Trachoma is still considered a leading cause of preventable blindness in sub-Saharan Africa especially in countries that have poor environmental sanitation, inadequate water supply and poor socio-economic status like Ethiopia [6,7].

The national survey (2007) of Ethiopia showed a prevalence of 40.1% active trachoma among children aged 1-9 years [7]. Amhara region had the highest prevalence of active trachoma among children aged 1-9 years (62.6%) [8]. The high burden of trachoma in the Amhara region calls for collecting a further District-specific data and comprehensive efforts to evaluate the risk factors of trachoma for designing and expanding effective intervention programs even if only limited studies were conducted previously.

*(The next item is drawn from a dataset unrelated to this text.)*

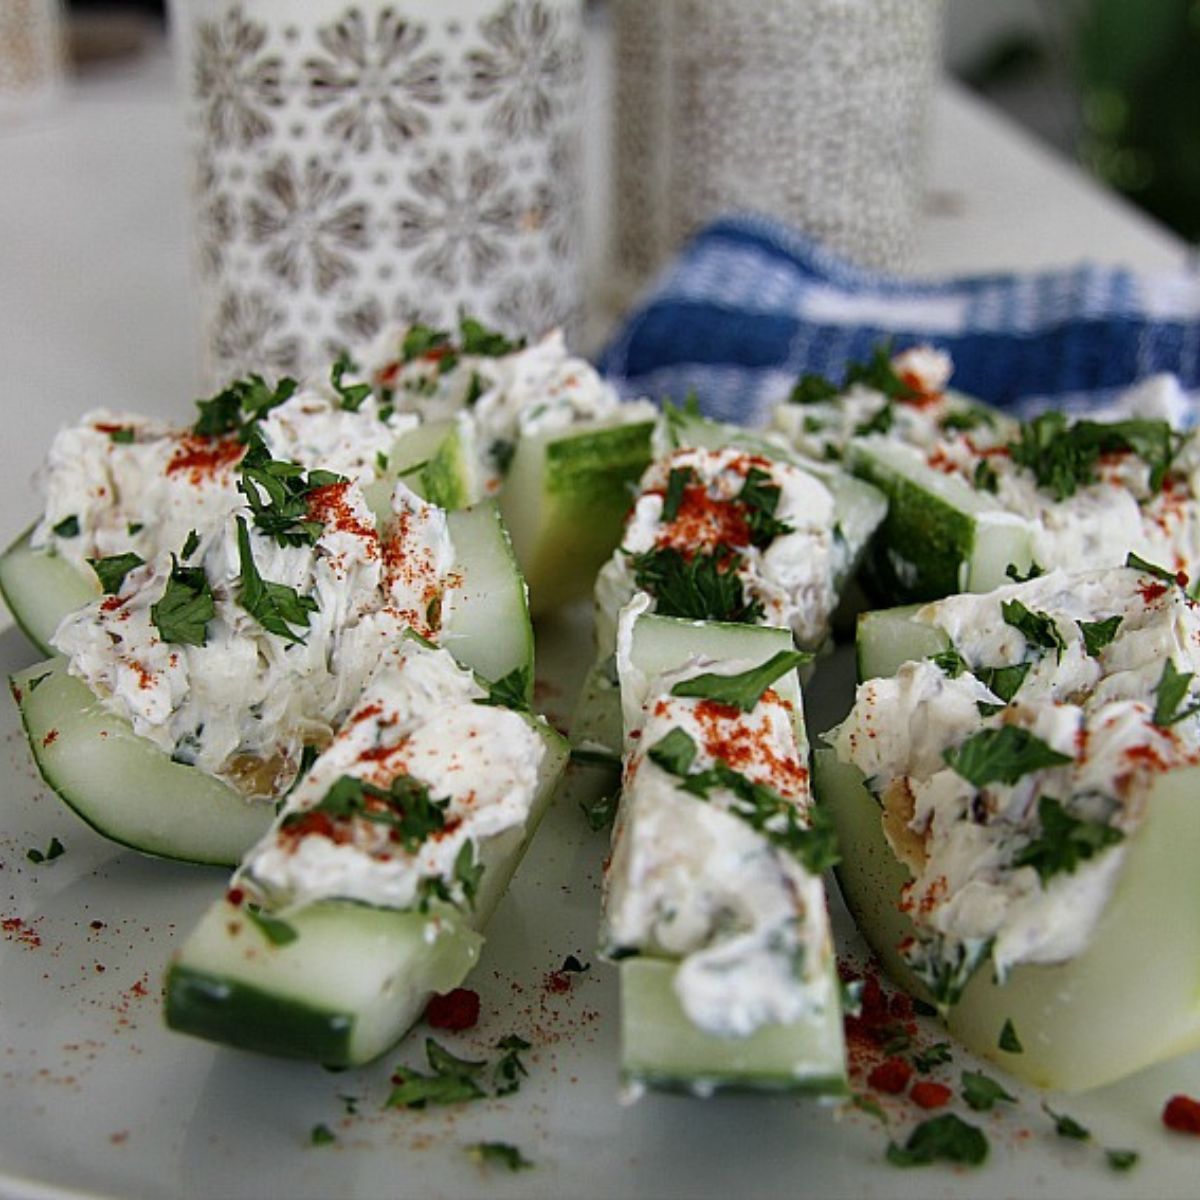 Cucumber bites topped with feta cheese and herbs on a plate.

According to 2003 Lions-Carter Center sight first initiative base line survey result at Gondar zuria woreda the prevalence of active trachoma (TF) in children 1-9 year was 76.5% and percent of children with clean face was 35.4.% [9].

Although trachomatous blindness is untreatable, it is eminently possible to prevent and the World Health Organization promotes the use of the SAFE strategy. Surgery, addresses the needs of people at imminent risk of blindness. Antibiotics particularly Zithromax is used against active disease by treating infection in individuals and suppressing transmission in the community or to eliminate an individual's C. trachomatis infection. Face Washing, breaks the cycle of reinfection and prevents transmission of disease, especially among children. Environmental Improvement, used to reduce the risk of infection/re infection. Behavioral change and environmental improvements are cornerstones of prevention efforts [1,6].

Trachoma is endemic in 48 countries mostly in Africa and the Middle East, although a few countries in the Americas and Asia are also affected. Approximately 84 million people are affected by active trachoma. More than 10 million people are at immediate risk for blindness from trichiasis. Although trachoma is easily preventable, the disease already has blinded more than 7 million people [10].

The WHO identified a simplified grading system with five stages in the development of trachoma. The key trachoma indicator stages are Trachomatous Inflammation-follicular (TF) and Trachomatous Trichiasis (TT) [1,10].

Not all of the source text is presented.